Грейс вручила мне ключи, а Рош открыл дверь и жестом пропустил меня вперед. Но сначала я подняла с пола отцовскую фотографию. Краем рукава я протерла грустные глаза Натана Гласссра, запятнанные грязью от моего сапога. Потом я поставила фотографию на стол и вышла.
— Не волнуйся, Нор. Я буду рядом, — крикнула мне вслед Грейс. — И смотри, если не хочешь, ничего им не говори.
Я свернула к своей «тойоте», но детектив Рош позвал меня и указал на полицейскую машину, за рулем которой сидел полицейский из округа.
— Можно я поеду на своей? — хрипло спросила я.
— Лучше на нашей. Так будет удобнее. Не волнуйтесь, мы обязательно отвезем вас обратно до дома.
Он зашел вперед и открыл передо мной заднюю дверь, куда обычно усаживают подозреваемых.
— Осторожно голову, — сказал он, коснувшись волосатой рукой моей макушки. Я пригнулась и села в машину.

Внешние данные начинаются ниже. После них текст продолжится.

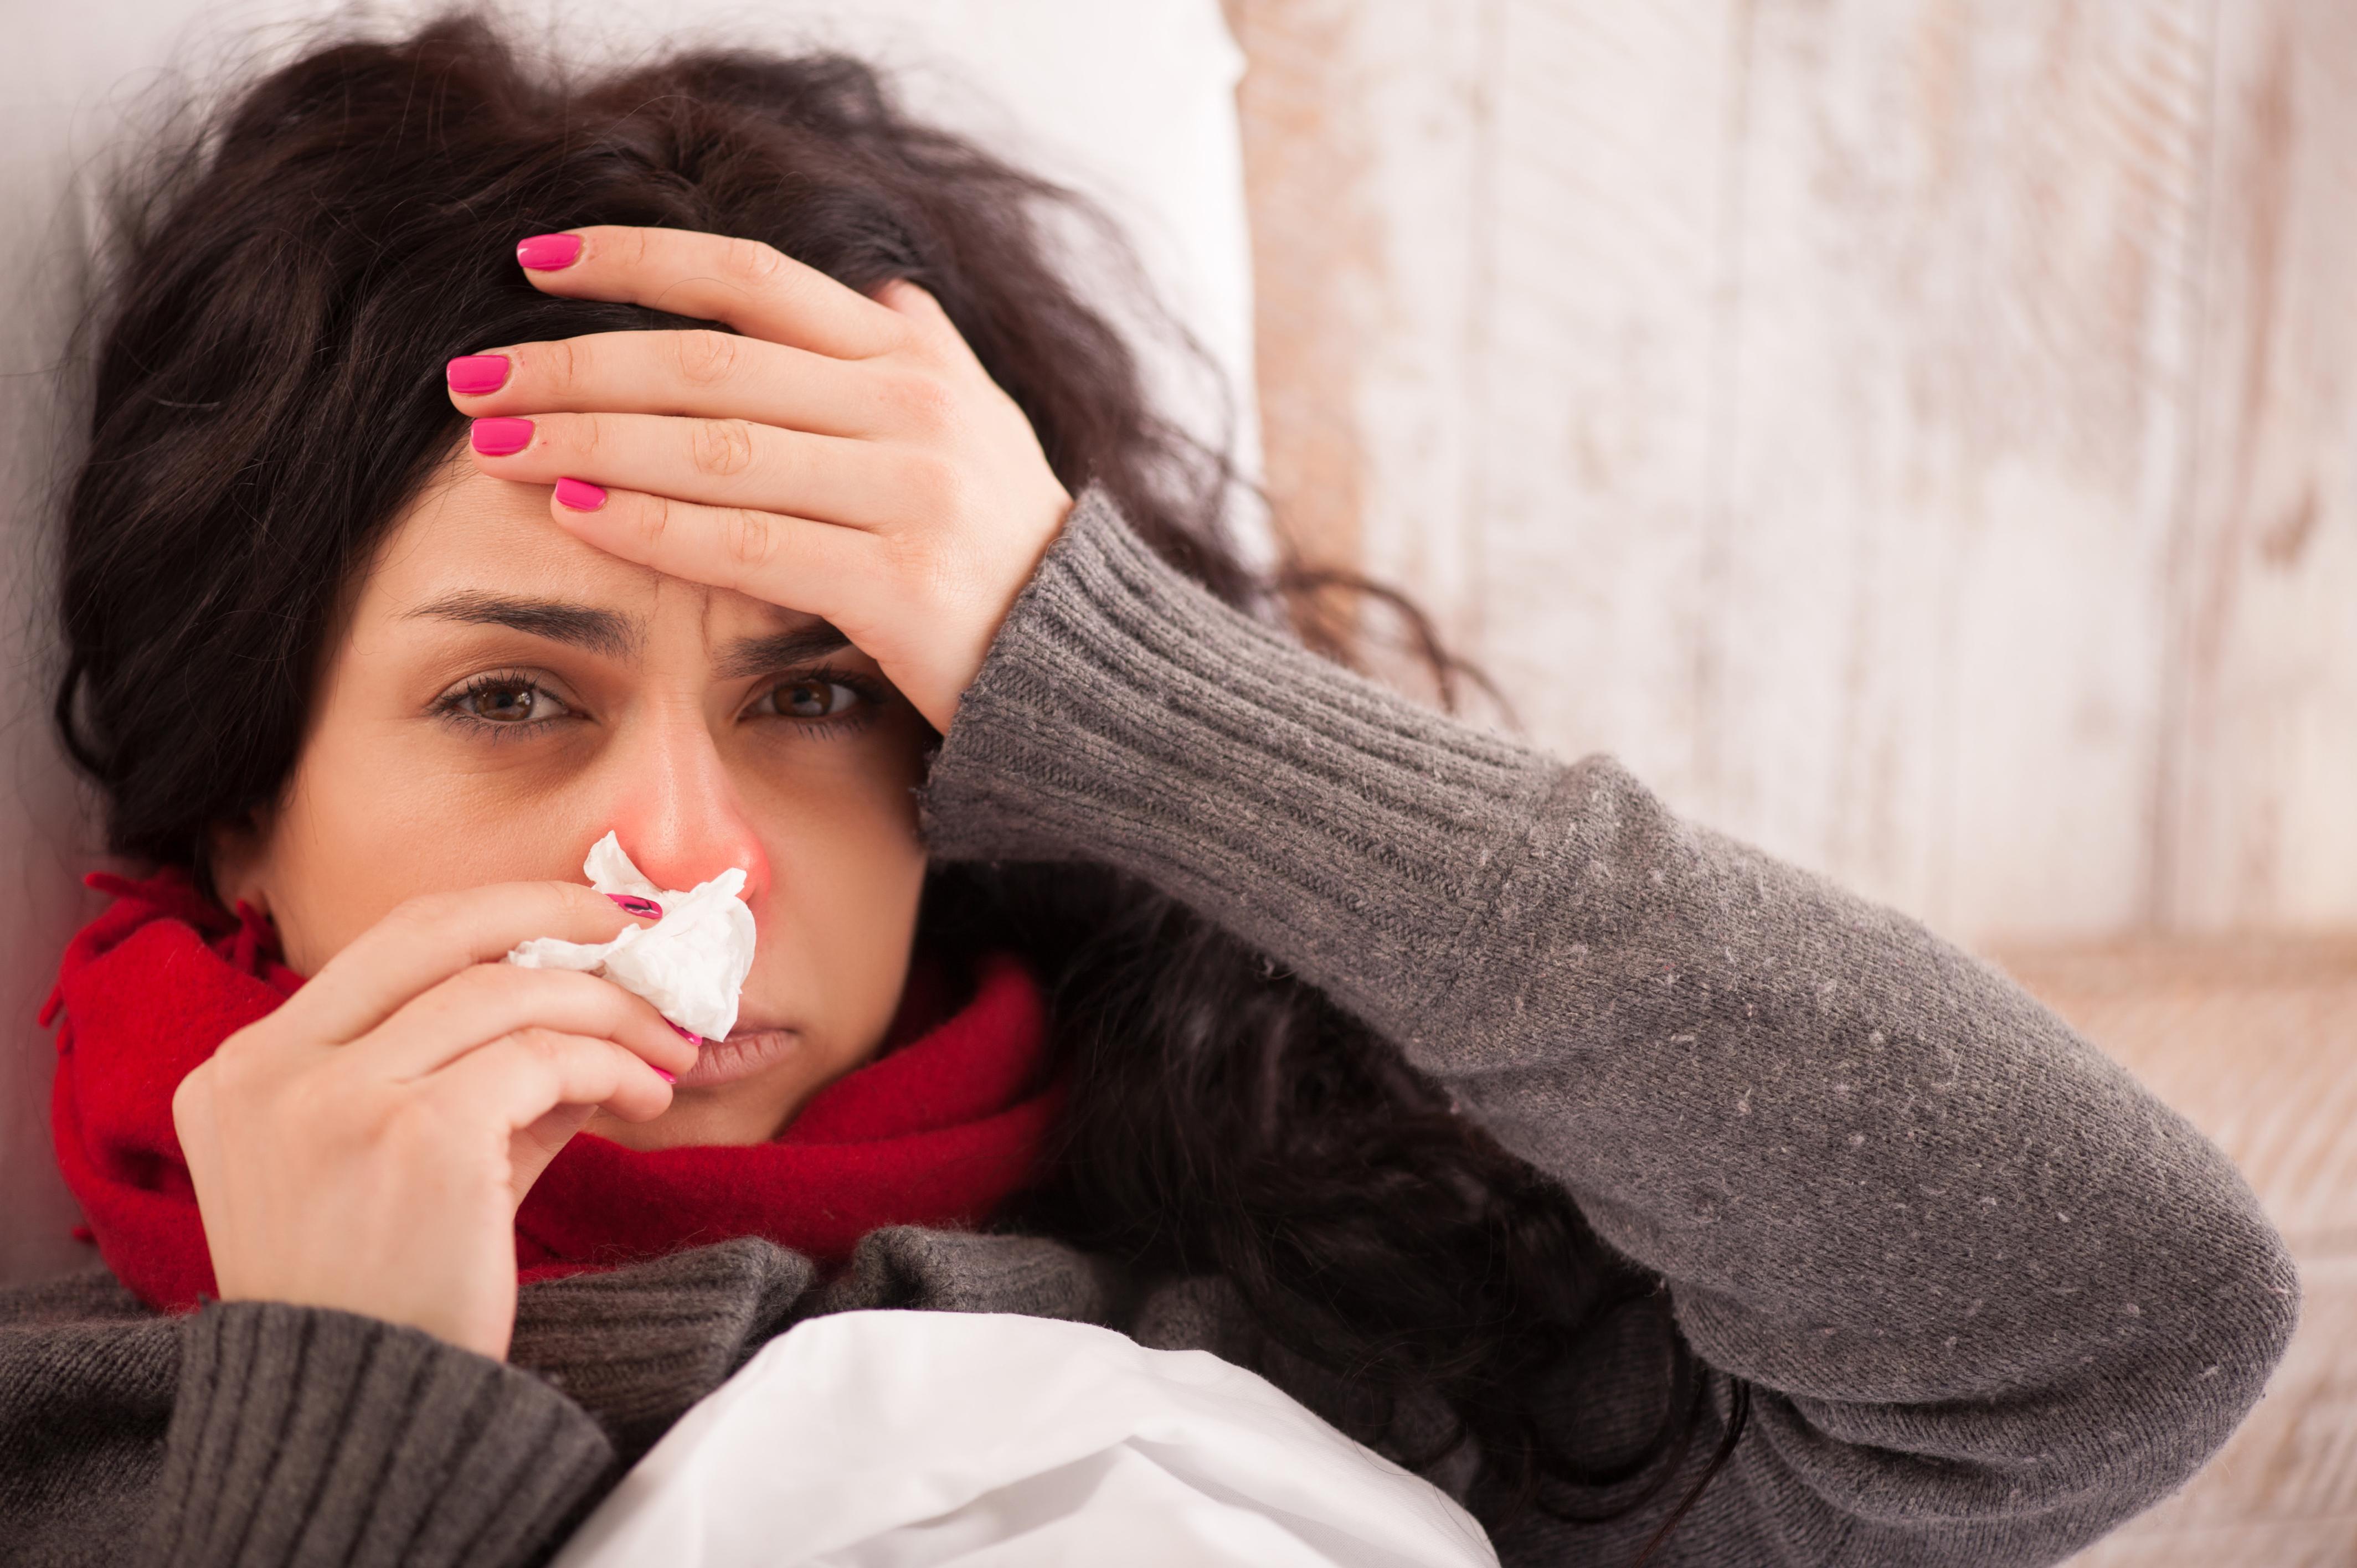 Весна без неприятных сюрпризов: что нужно знать опрофилактике простуд весной

Всякий раз, когда полицейский в сериале вот так вот усаживал в машину подозреваемого, я воображала, как теплая рука заботливо накрывает макушку, немедленно успокаивая трепещущего от страха подозреваемого, особенно невиновного, а впрочем, даже, наверное, и серийного маньяка вроде Теда Банди. Но в реальности этот жест отдавал фальшью. Дешевая полицейская психология. «Мы твои друзья. Мы о тебе заботимся. Мы хотим, чтобы у тебя все было хорошо». Так себе заявление от ребят, которые только и мечтают засадить тебя за решетку или поджарить на электрическом стуле. Просто им не хочется отвечать, если вы обо что-то ударитесь.
— Пристегните ремни. Мы ведь не хотим, чтобы вы ушиблись, если придется резко тормозить. Или если попадется яма на дороге, — предупредил Рош. — Мы в этом году уже видели парочку, и немаленьких.
— Сообщите о них в дорожное управление, — посоветовала я.
У меня в ушах зазвучал голос отца: «Не шути с ним, ребенок. Тут все серьезно».
Я пристегнулась. В машине попахивало какой-то химией, словно в банке от моющего средства, сидеть на жестком сиденье серого пластика было неудобно. Наверное, его специально сделали таким, чтобы легче было отмывать от блевотины, мочи или крови, подумала я, и мне стало противно. А что это за странное серебристое колечко на полу посередине?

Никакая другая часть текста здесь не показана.